Every successful newsletter broke some unwritten rule about how online publishing was supposed to work. Writers weren't performing for an algorithm anymore, they were talking to people who had explicitly chosen to listen.
This is when the accident became inevitable.
The Quiet Rebellion You're Already In
Here's the thing they don't mention: You didn't just subscribe to newsletters. You opted out of something bigger.
Every time you choose to read a newsletter instead of scrolling a feed, you're casting a vote for intentionality over impulse. Every time you pay for a subscription instead of accepting free-but-ad-supported content, you're funding independence instead of dependency.
You're not consuming content anymore, you're supporting thoughts. You're not seeking entertainment, you're choosing enlightenment, or at least the possibility of it.
Eight years after Bill Bishop flipped that switch and proved that people would pay for direct access to writing they valued, millions of writers have discovered what he accidentally demonstrated: the most radical thing you can do in the attention economy is ask people to pay attention. Actually pay for it, with money and time and the precious real estate of their inbox.

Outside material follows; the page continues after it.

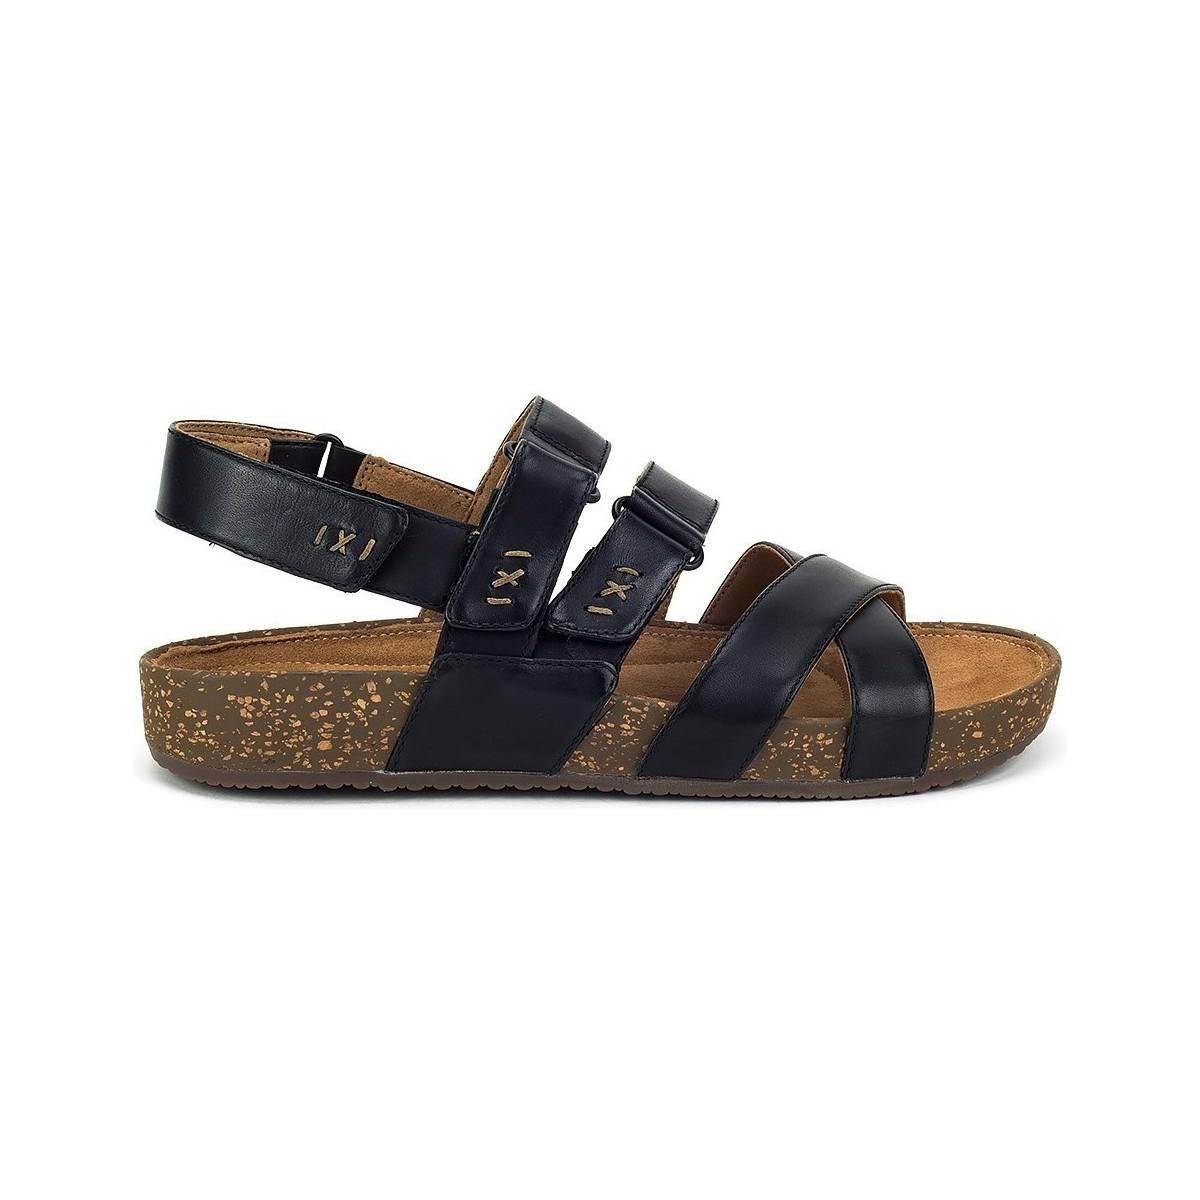 060e8e115c8cc2 Clarks Rosilla Keene Women s Sandals In Black in Black - Lyst

You thought you were just reading. Turns out you were revolting.
The most beautiful part? It happened so quietly that most people still don't realize they're part of something bigger. They just know their inbox feels different now. More intentional. More human. More like a place where thoughts can breathe instead of perform.
— no-one
Thoughts you didn’t think, written for you anyway
This Thursday marks 8 years since Bill Bishop accidentally proved the future of publishing. Light a candle for all the beautiful accidents that led us here.